ブレンドの妙が生み出すテロワールの個性
フランス・南西地方とオーストラリアが有名な地域になります。前者はタンニン質を併せ持つ力強さ、後者はスパイシーが収斂された果実感、というのが主な特徴。で、今回は、このスパイシー感というものに注目してみます。
そこでオーストラリアが世界に誇る銘醸ワイナリー「ペンフォールズ」からヴィンテージによっては極限られた本数しか生産されない「カリムナ ビン28 シラーズ 2012」をご紹介します。
カリムナ、というエリアだけでも標高差、畑の畝から変わる日照時間、ブドウ樹の樹齢などなど、細かく条件は異なってきます。それらを分析し、カリムナの個性を表現できる味わいを決定します。この1本にはワインメーカーのパッションが込められているといっても過言ではありません。

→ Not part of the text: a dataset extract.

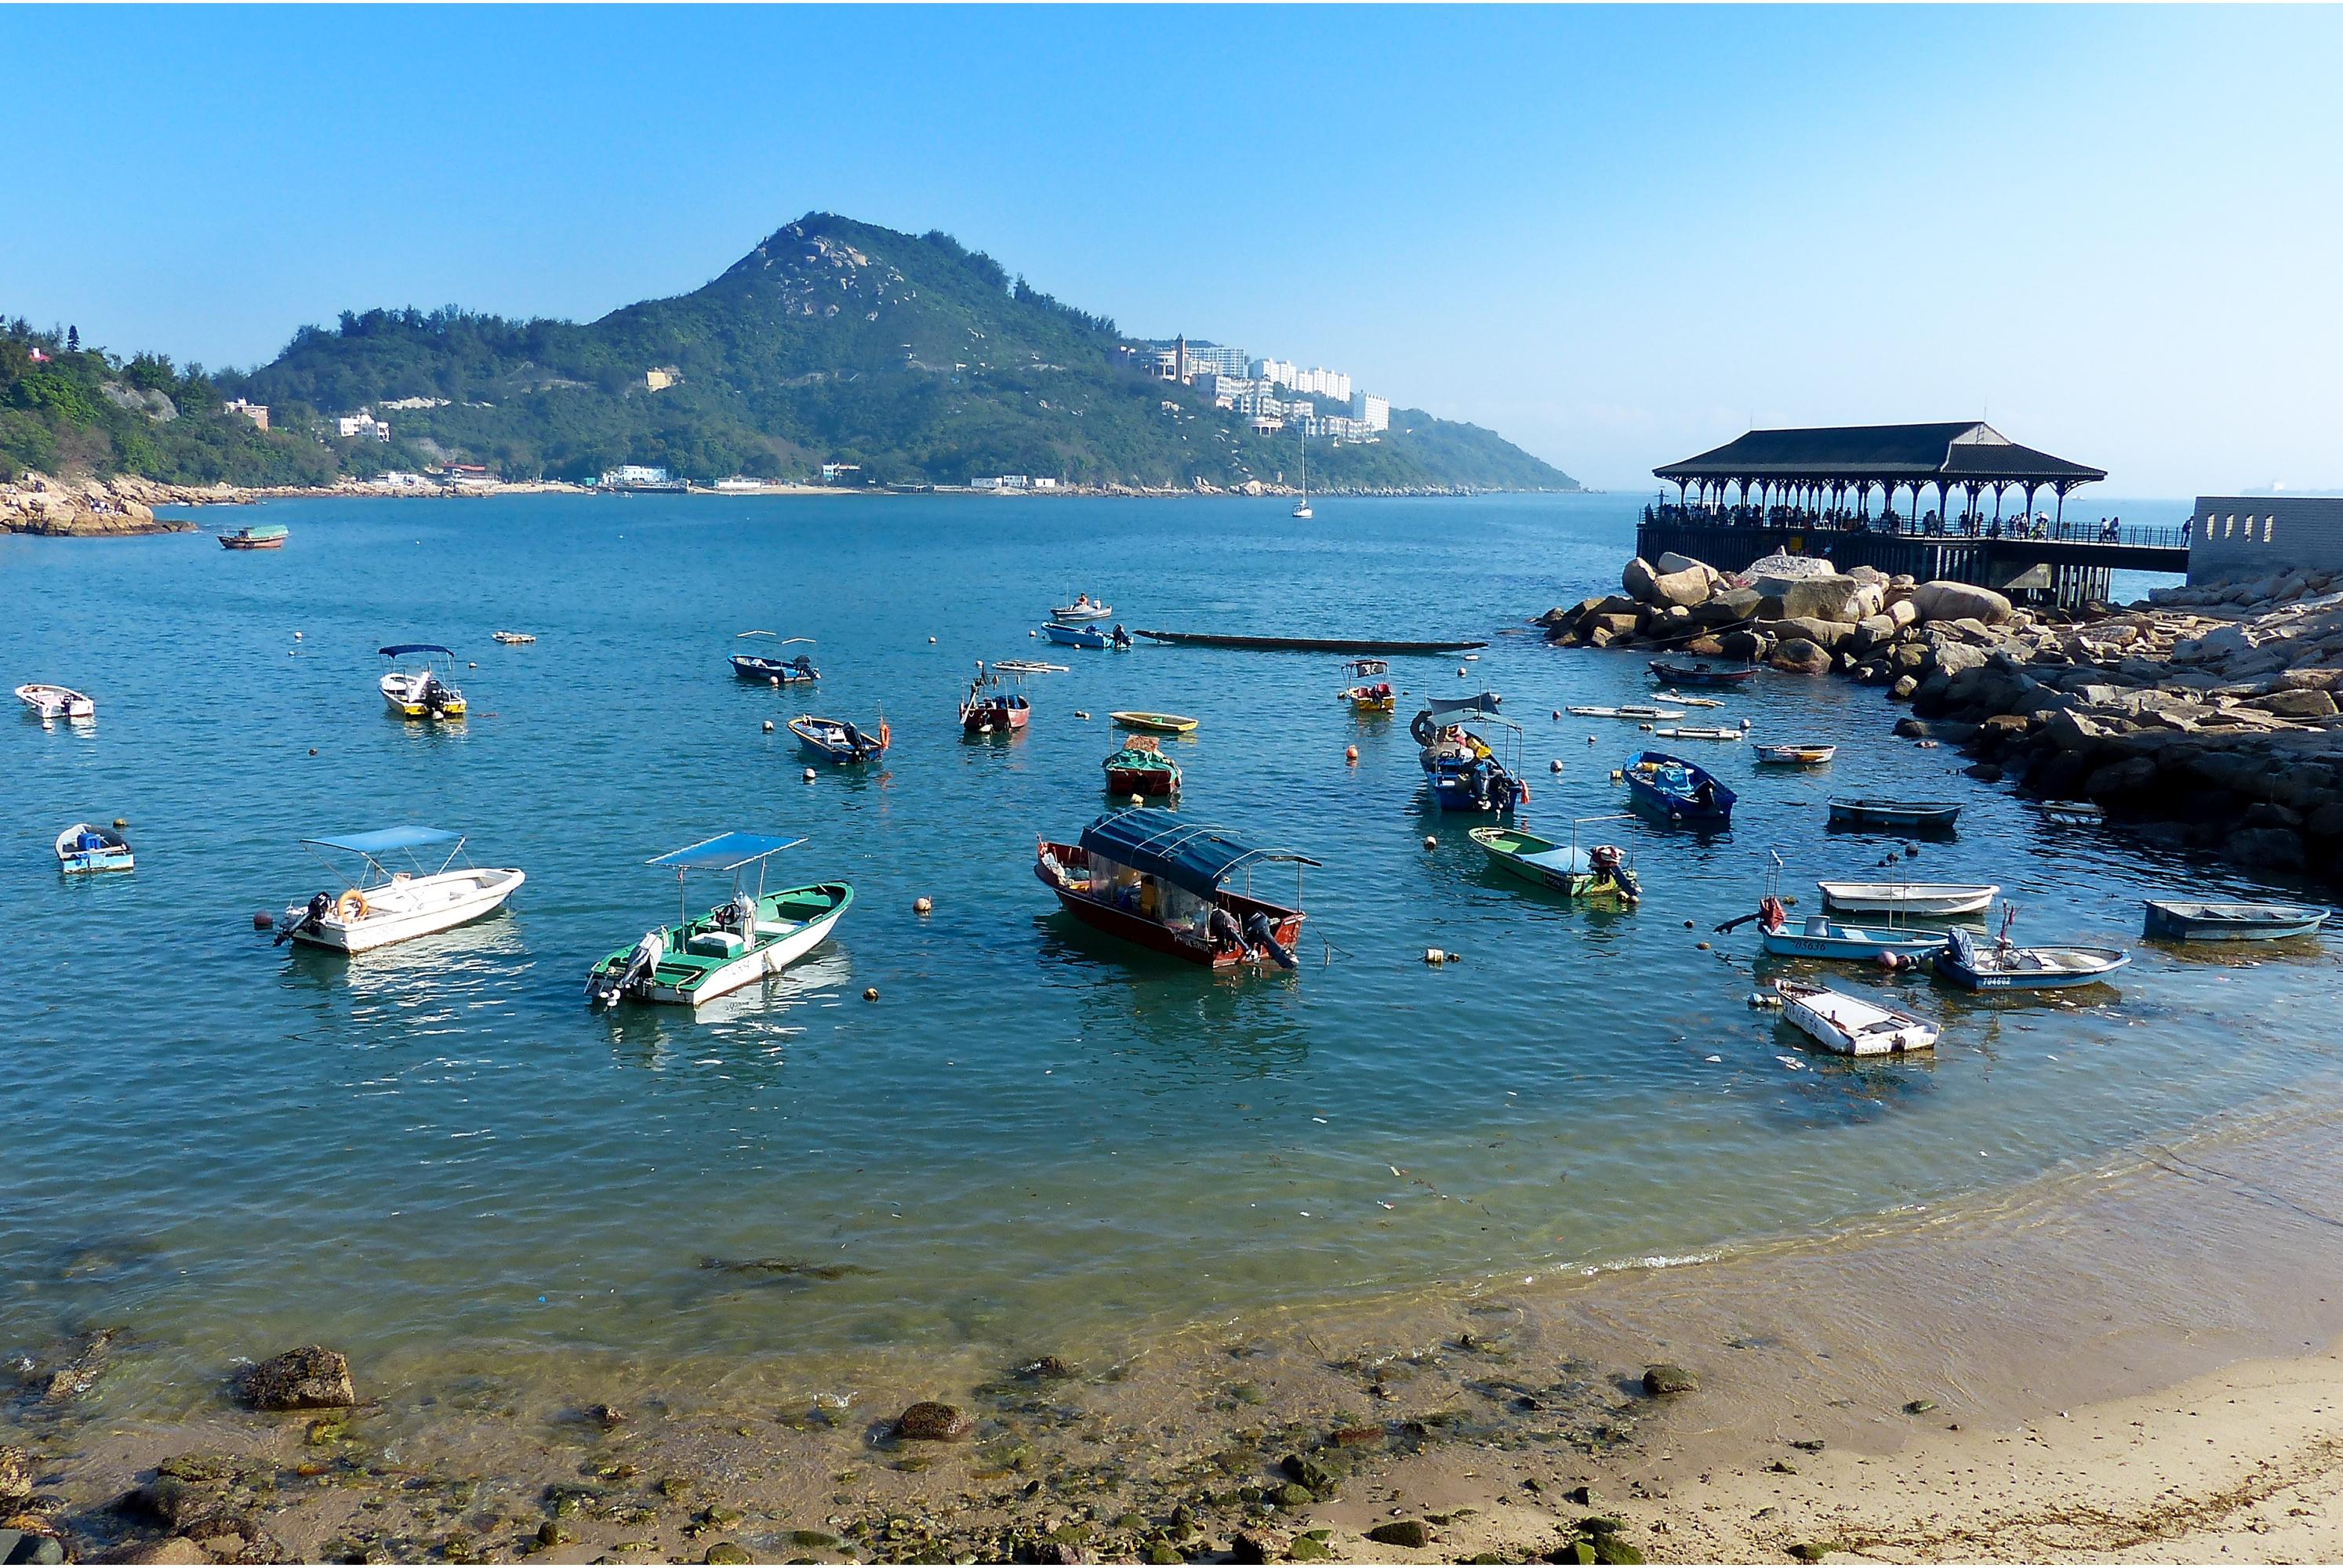 香港南丫岛渔民文化村 神风洞 天虹海鲜酒家 欣赏维港景色 索罟湾一

それはひと口、ワインを口に含んだ瞬間に広がる果実のボリュームでわかると思います。洗練されたタンニンのしなやかさ、嫌味のないパワフル感、そして余韻に広がる色の濃い花の香り。これは世界的品種のカベルネ・ソーヴィニヨンやピノ・ノワールにはまったく見られない表情の味わいなのです。
さらに魅力を引き出すには同じ地のものを一緒に。理想はオージービーフの赤身。これをさっと炙ります。付け合わせのタレは醤油にこのワインを少し加えてください。ともに引き立たせるテクニックですので。ぜひお試しください。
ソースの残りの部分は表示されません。